SPB’s voice throbs like a lover in search of his beloved and adding to this throbbing are the rhythm guitar, the bass guitar and the drums. The last mentioned, sound as softly as possible, even stop during the third and the fourth lines and appear again with soft intensity in the end.

Imperceptibly Perceptible!

As the Pallavi ends, there is silence. This continues for a count of two tisrams.
The brass flute makes an impromptu entry and brings a breath of fresh air calming the mind further in the process. It is soft, subtle and refined. The dynamic saxophone enters and twinges the heart. It is delicate and yet strikes like a thunder and sparkles like a lightning. It glides on, finally giving a stamp of distinction and giving an echo effect. Probably, it echoes the feeling in our heart.

The lines in the CharaNam have that aesthetic touch and are full of nuanced niceties.
The sudden jumping of swaras from the dhaivatam(dha) to the upper octave gandharam(Ga) towards the end of the second line, appearance of the upper octave gandharam(Ga) immediately after the mid-octave gandharam(ga) in the beginning of the fifth and the sixth lines and the sudden introduction of the chatushruti rishabham(Ri2)-which is very much allowed in Sindhu Bhairavi- in the second half of the fifth and the sixth lines, show the musicality of the composer. More than the musicality, it is that ‘appropriateness’ which makes him a composer par excellence.

As I said, anybody can use any swara (within the structure of the raaga) at any point, but where one uses, how one uses and why one uses make a huge difference- a difference between a genius and a mortal.

There is silence again between the first CharaNam and the second interlude.

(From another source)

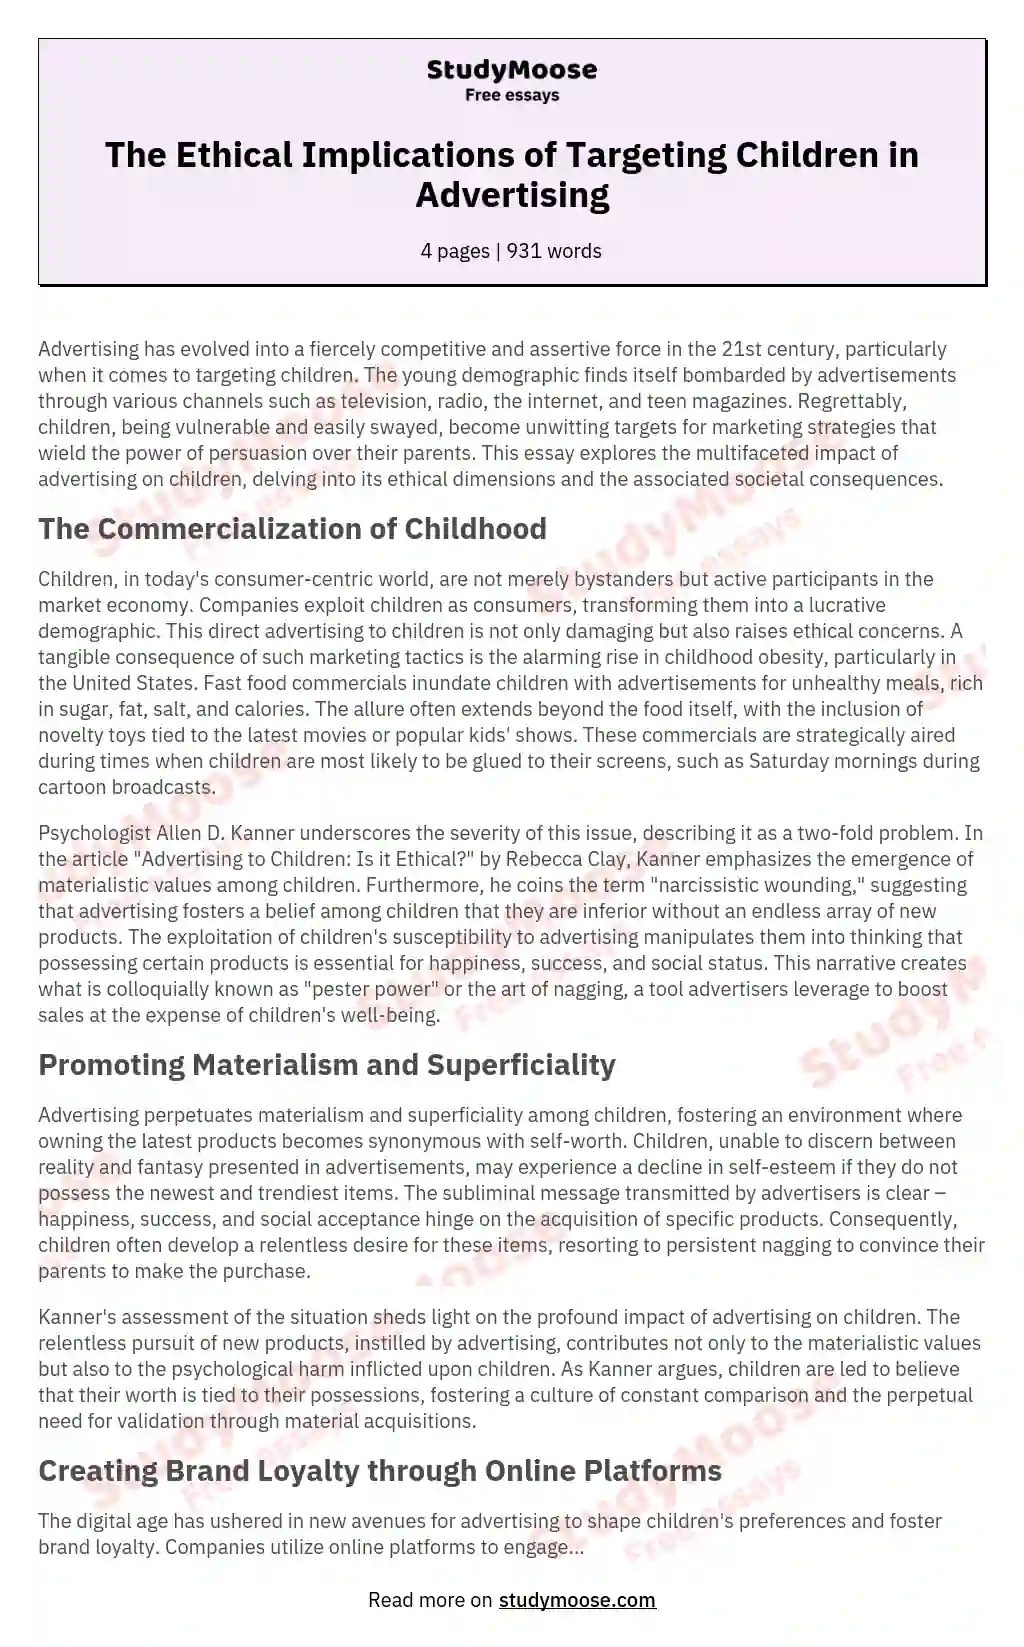 The Ethical Implications of Targeting Children in Advertising essay

Two different sounds from the keys surround the guitar and play one after the other now with the bass guitar treading its own path. The guitar plays with a vivacious vibrancy while the keys move with uncanny instinct. Beauteous shades of different lights. The brass flute is sublime and is plaintive as well. It seems as though the guitar and the brass flute converse with each other to seek the Truth.

The saxophone pulsates with life. It gnaws. It pokes. It haunts. It touches ecstatic realms of music..and life.

It is like the heart which looks for the arms.


Emotions, Empathy, Music..and ILaiyaraaja- Can these be separated?